* _Work to be completed_
Pictures stay out of the copy. Retype exactly the lines below from the one with "Vintage Noel Heart" through the one with "Electric vehicle 3 ledlights.blog".

* _Input for this task_
____________________
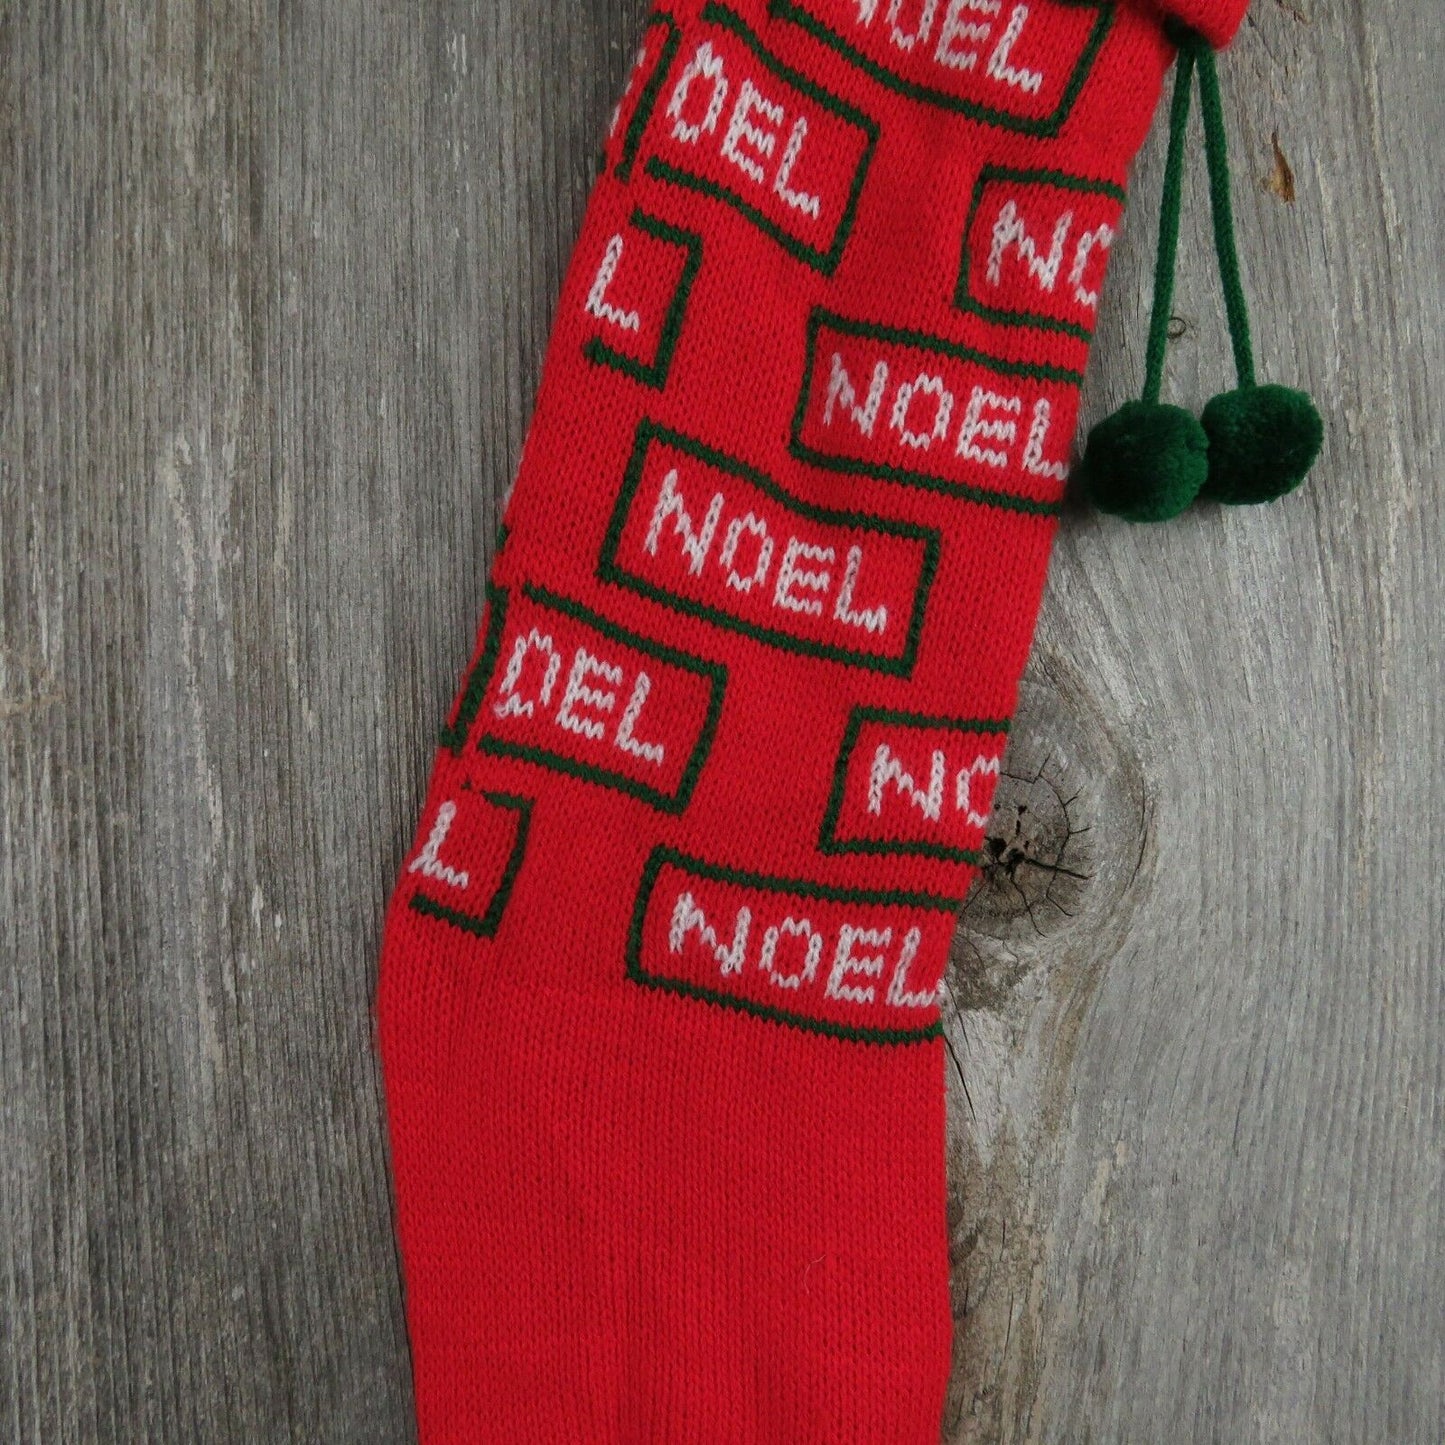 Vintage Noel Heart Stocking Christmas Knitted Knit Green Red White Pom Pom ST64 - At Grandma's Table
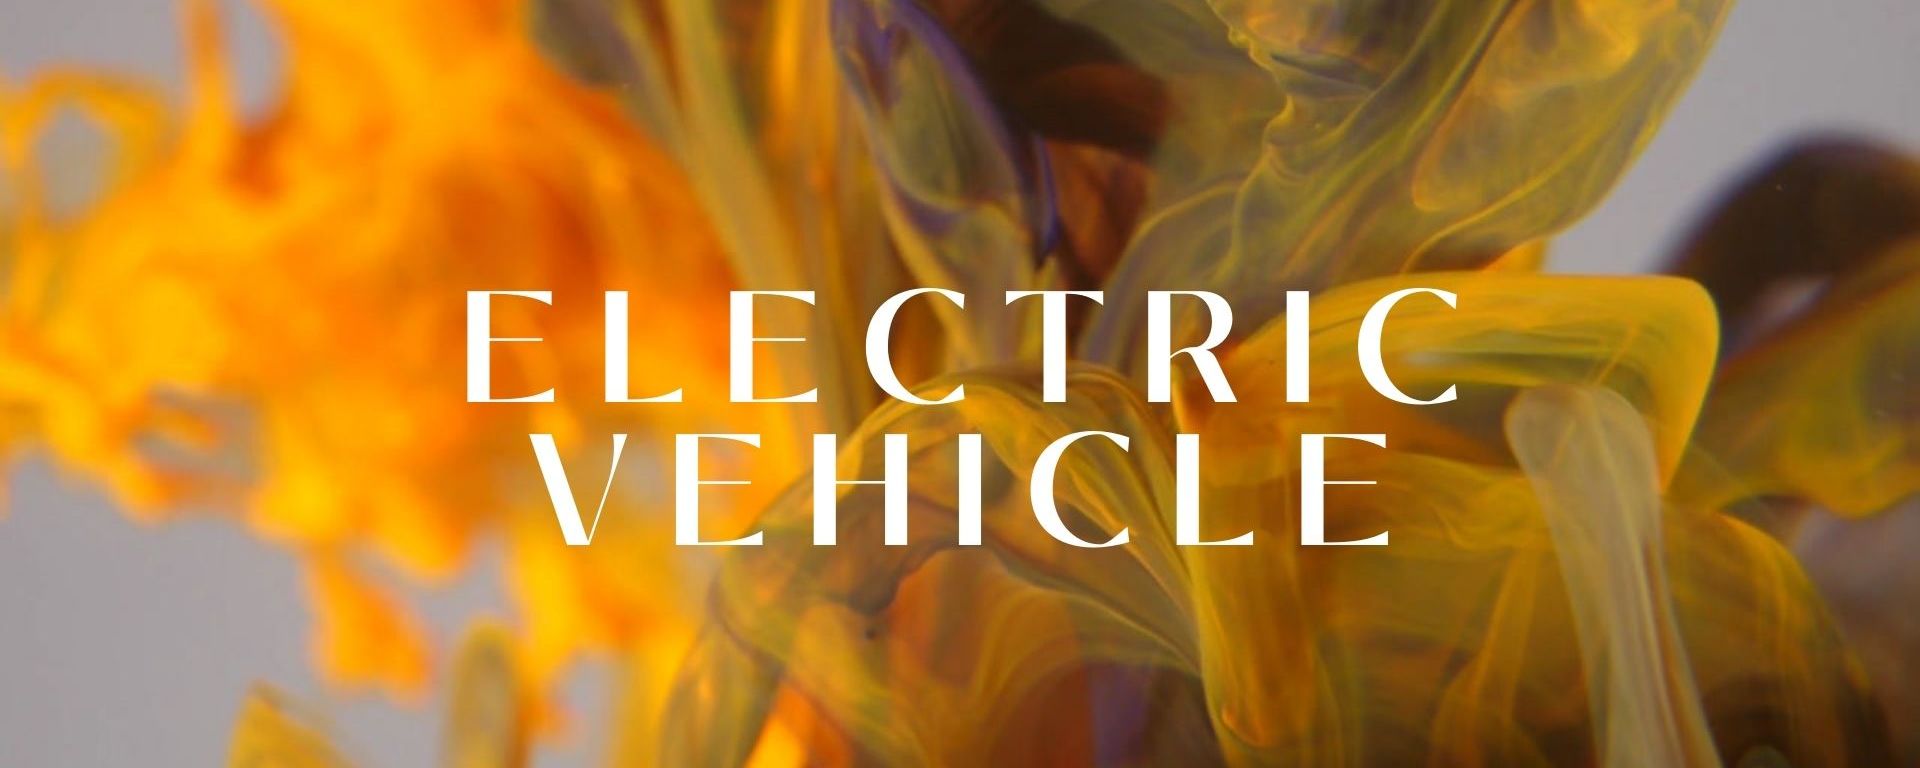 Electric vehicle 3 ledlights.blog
____________________
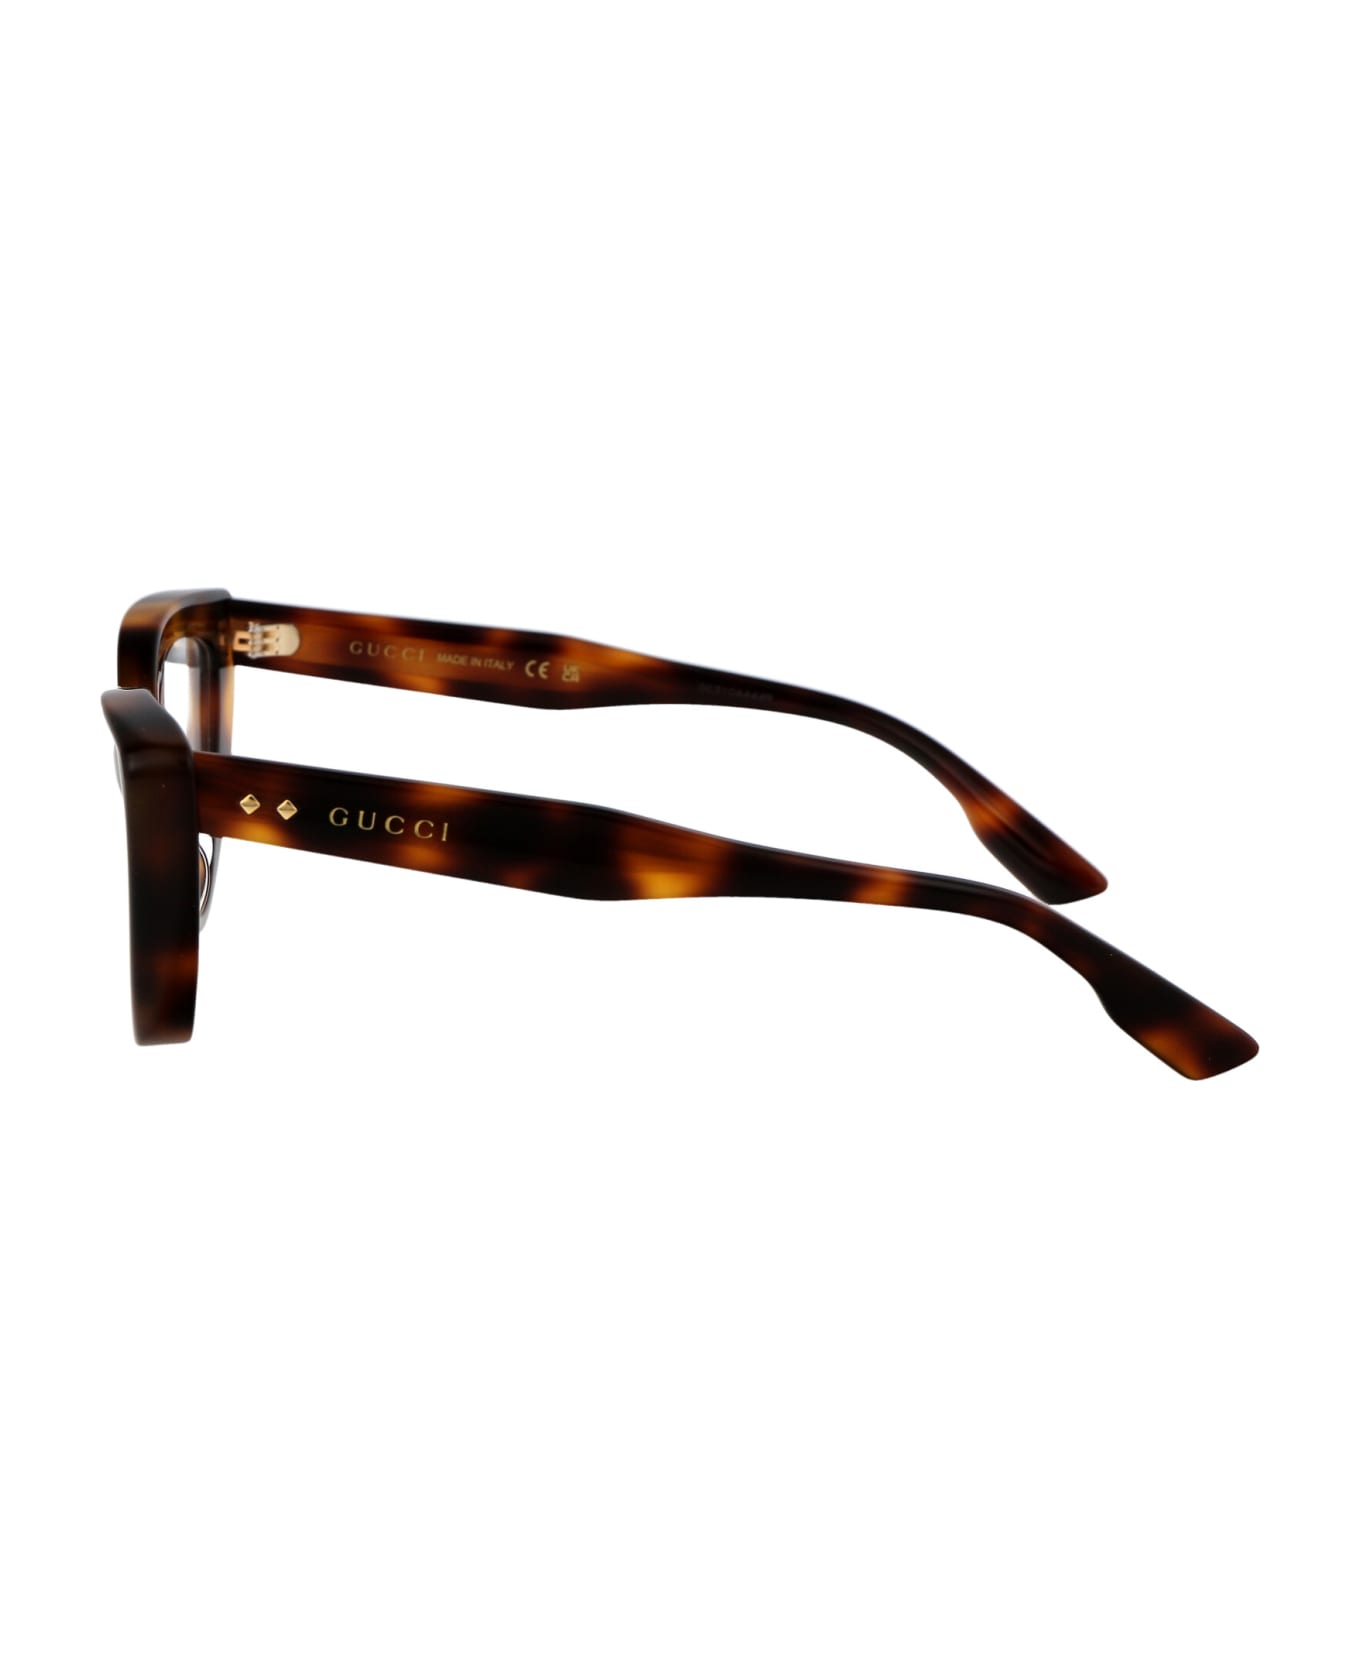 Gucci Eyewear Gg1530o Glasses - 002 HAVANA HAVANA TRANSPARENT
____________________
* _Exercise answer_
 Vintage Noel Heart Stocking Christmas Knitted Knit Green Red White Pom Pom ST64 - At Grandma's Table
 Electric vehicle 3 ledlights.blog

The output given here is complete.